What you will do:
Type out the whole listing again exactly, pictures omitted.

Raw data:

▽

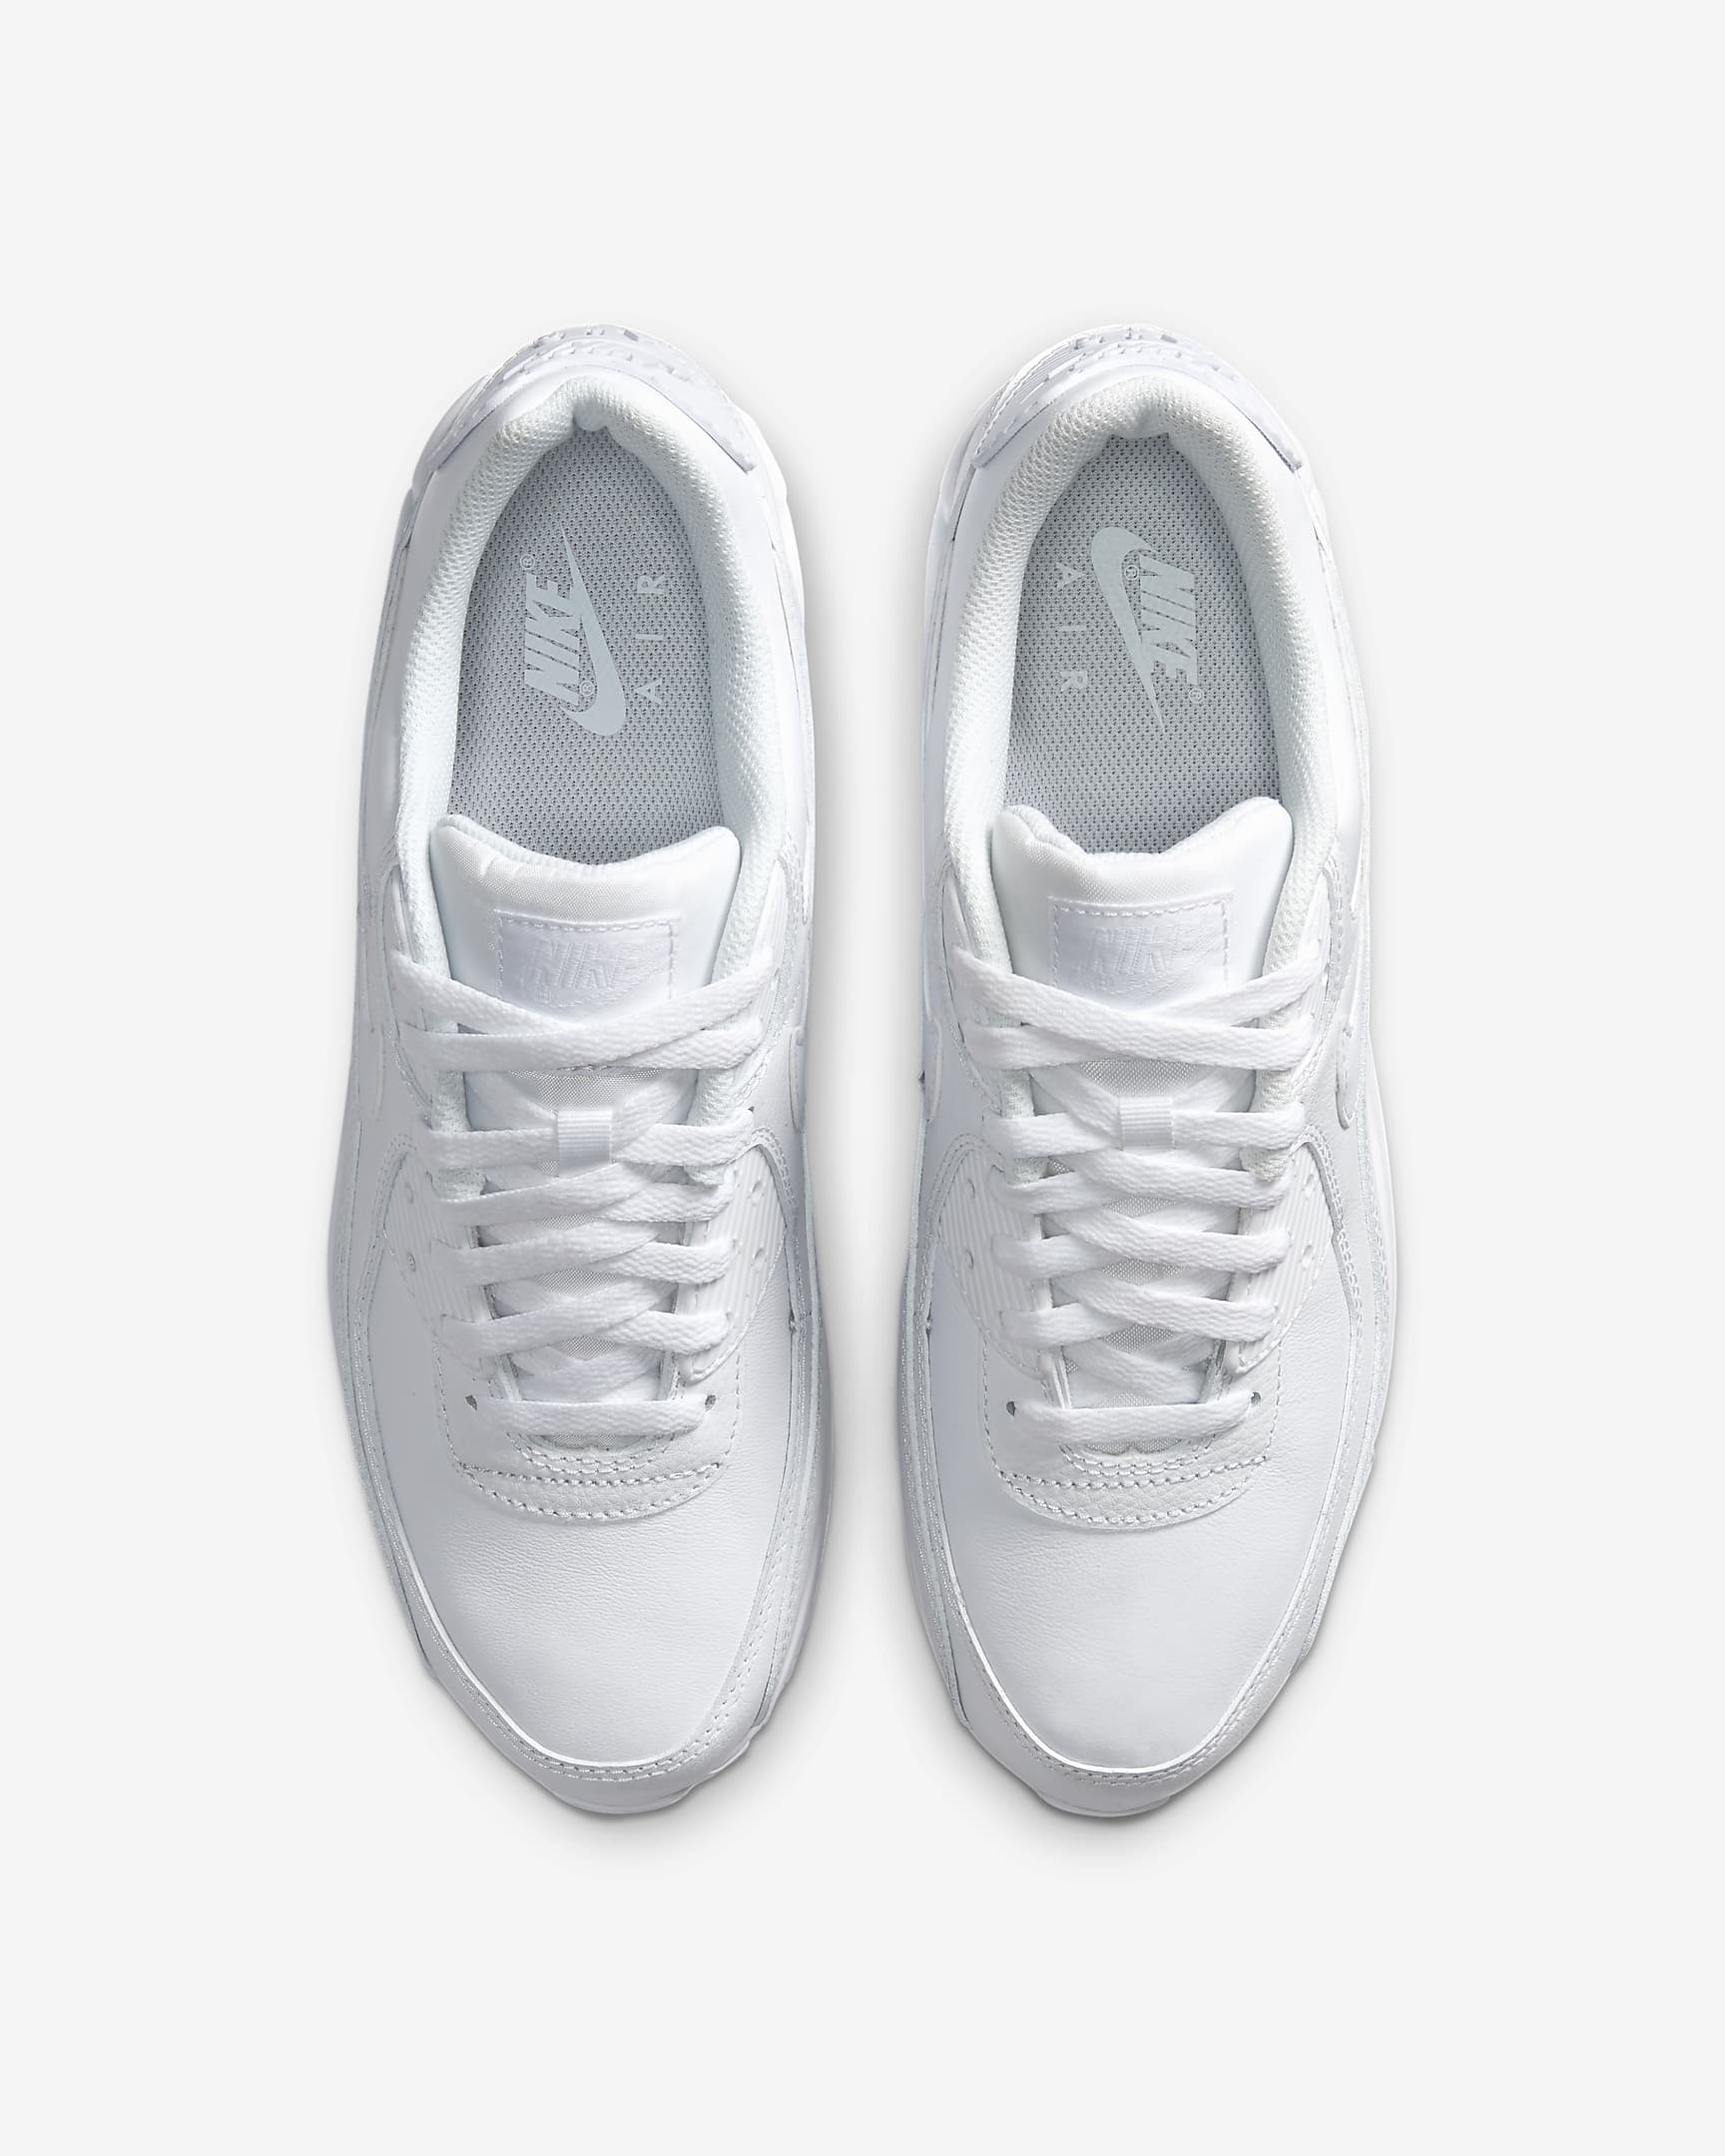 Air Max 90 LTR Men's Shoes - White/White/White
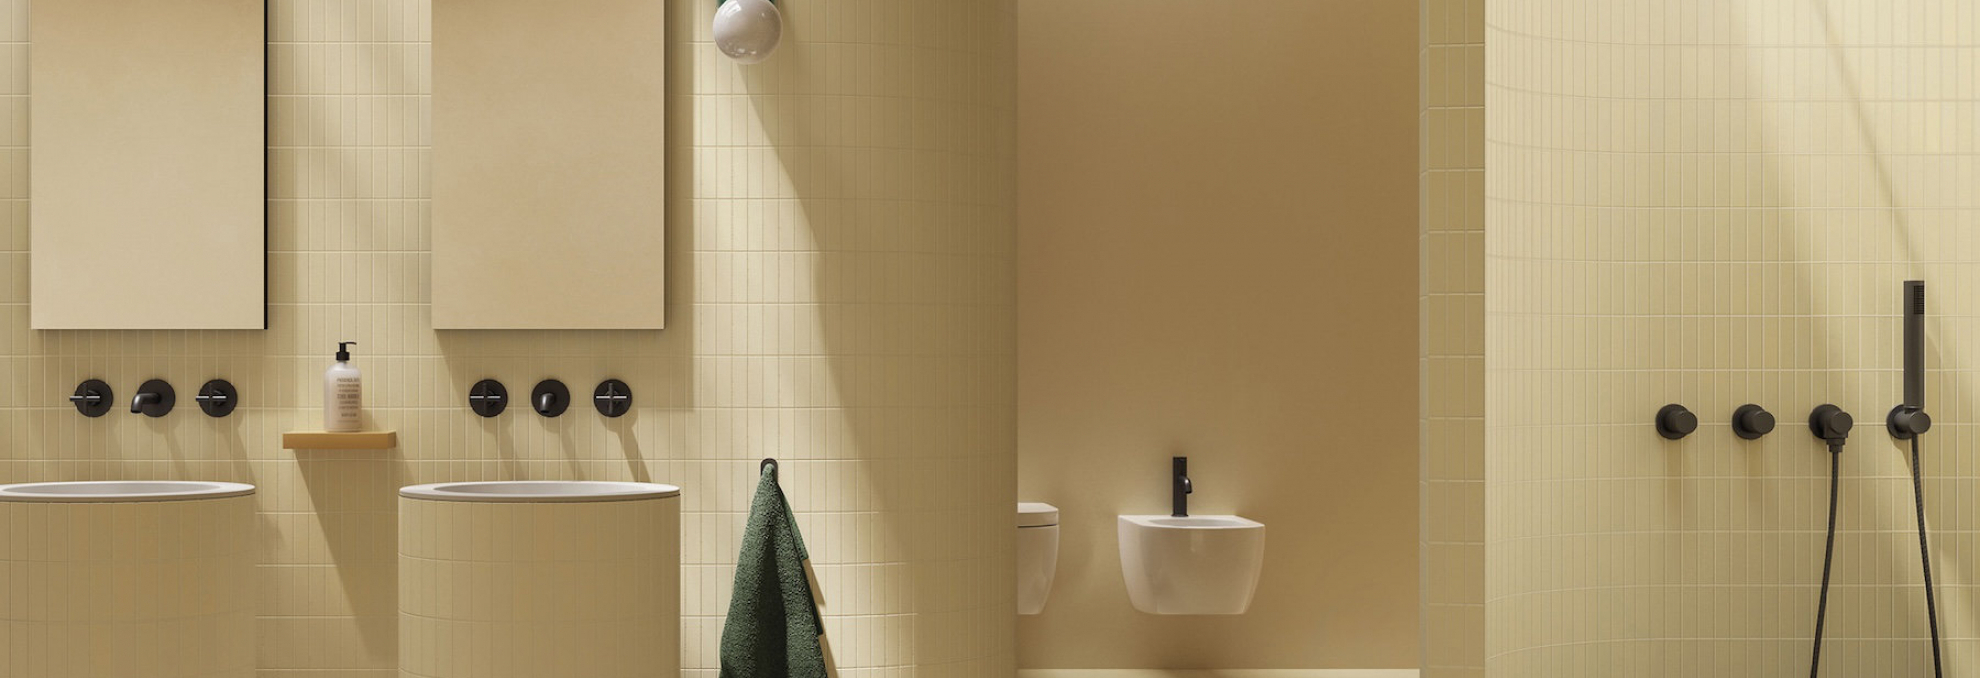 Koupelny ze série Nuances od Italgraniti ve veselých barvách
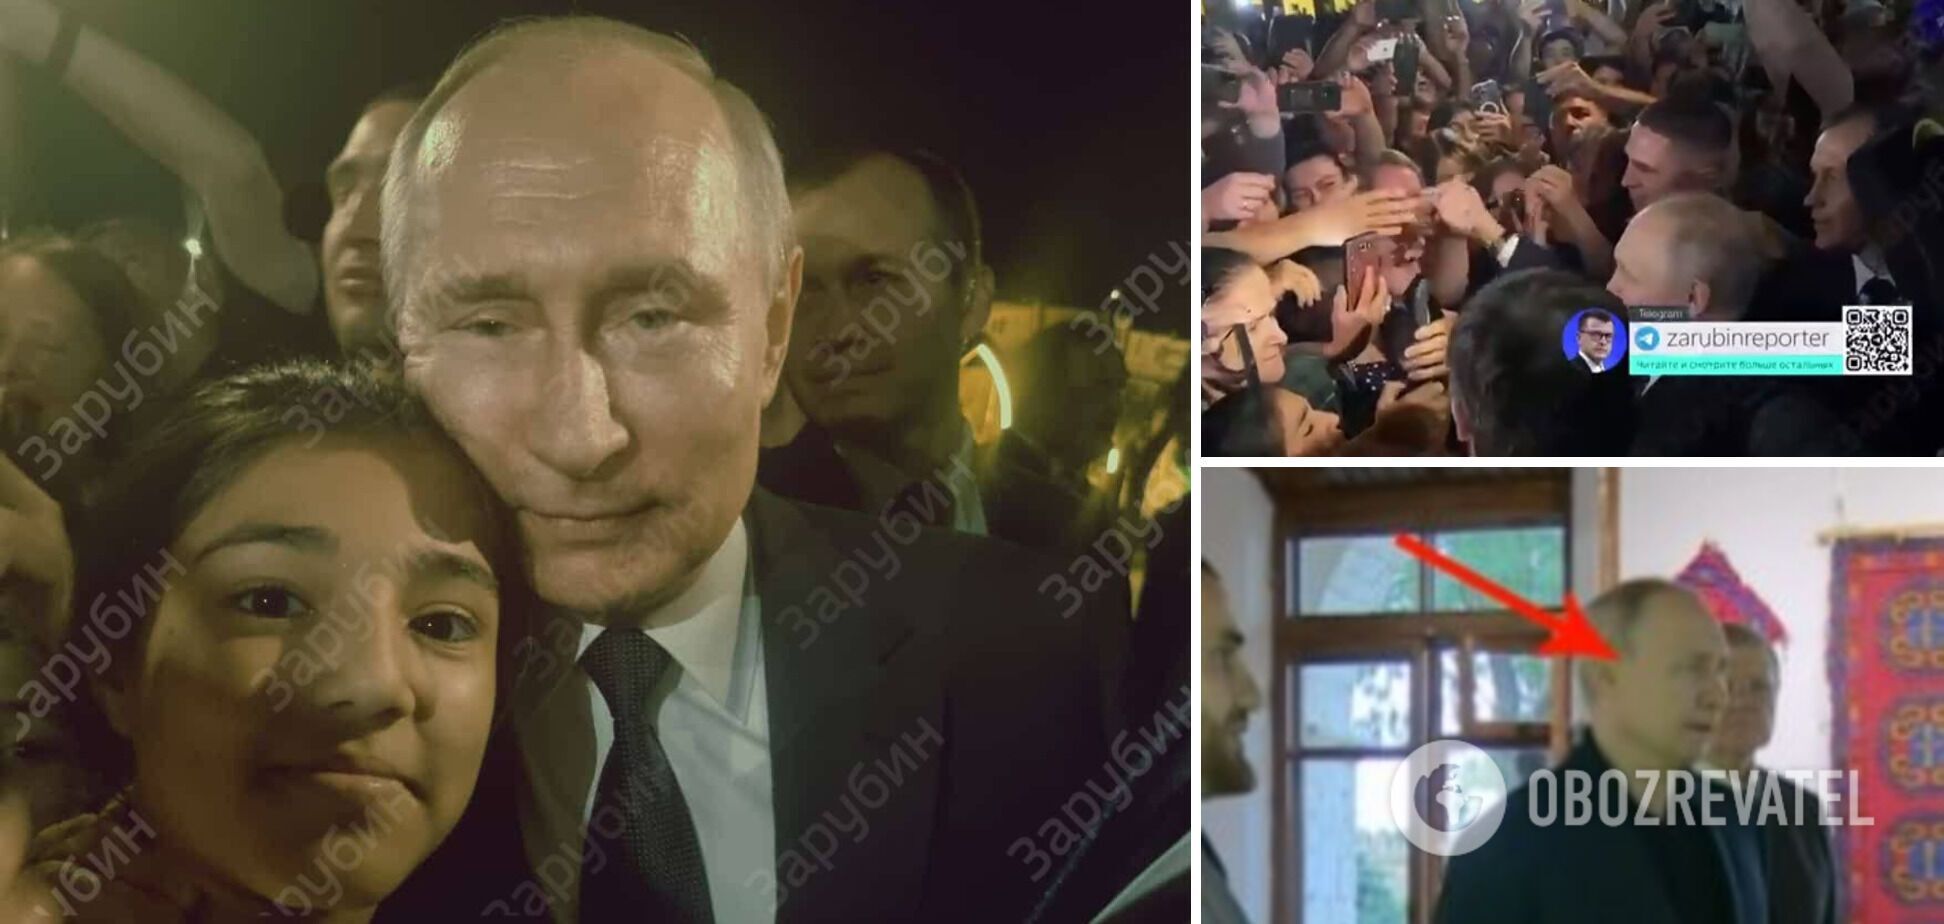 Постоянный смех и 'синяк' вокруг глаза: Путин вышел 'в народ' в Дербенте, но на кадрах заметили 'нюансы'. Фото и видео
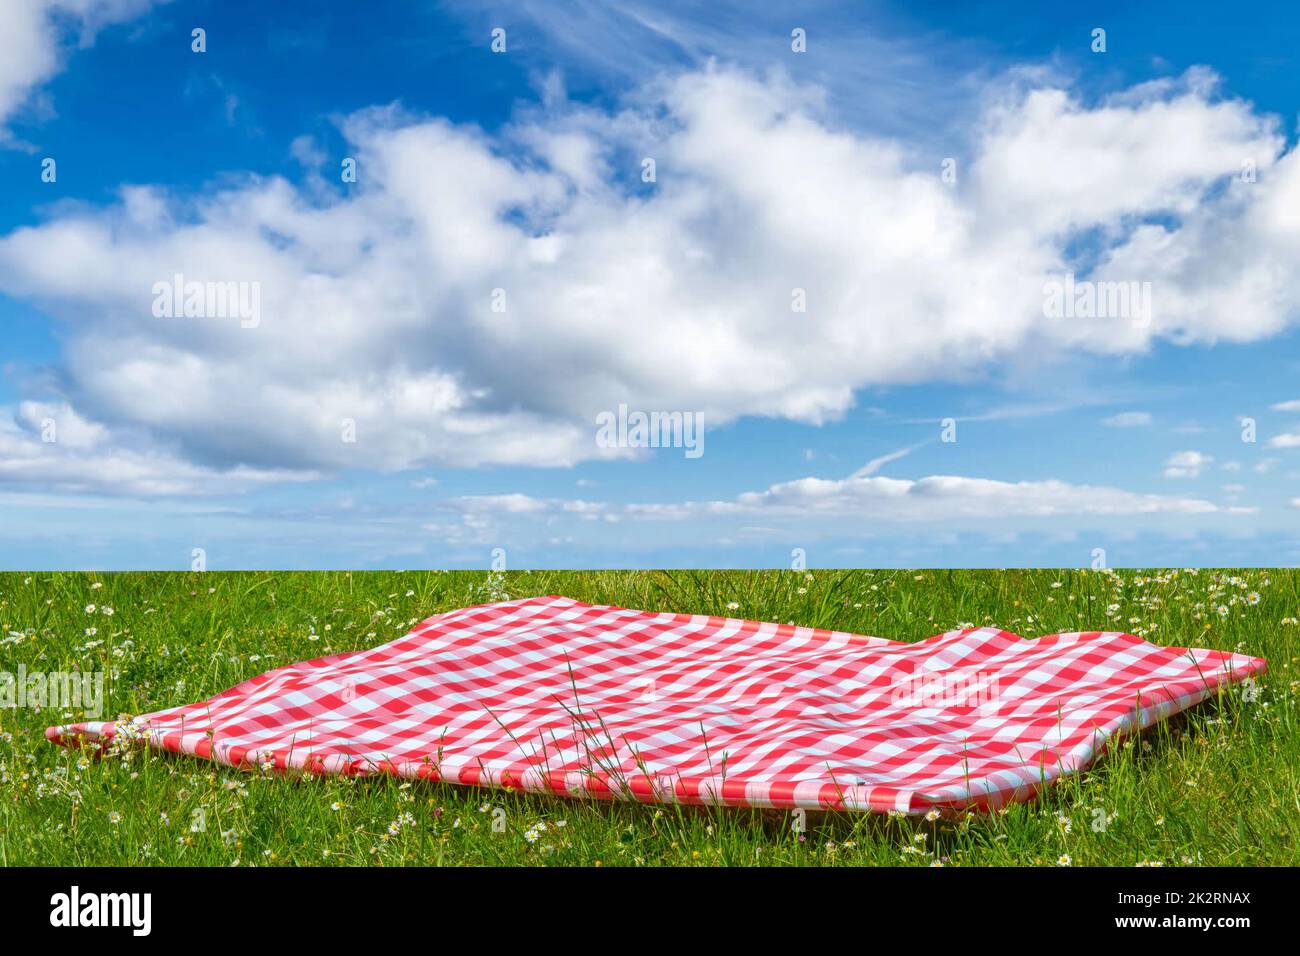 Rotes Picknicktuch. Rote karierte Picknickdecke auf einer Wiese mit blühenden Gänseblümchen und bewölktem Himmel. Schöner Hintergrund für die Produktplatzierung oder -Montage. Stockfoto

△

Reply to the exercise:
 Air Max 90 LTR Men's Shoes - White/White/White
 Koupelny ze série Nuances od Italgraniti ve veselých barvách
 Постоянный смех и 'синяк' вокруг глаза: Путин вышел 'в народ' в Дербенте, но на кадрах заметили 'нюансы'. Фото и видео
 Rotes Picknicktuch. Rote karierte Picknickdecke auf einer Wiese mit blühenden Gänseblümchen und bewölktem Himmel. Schöner Hintergrund für die Produktplatzierung oder -Montage. Stockfoto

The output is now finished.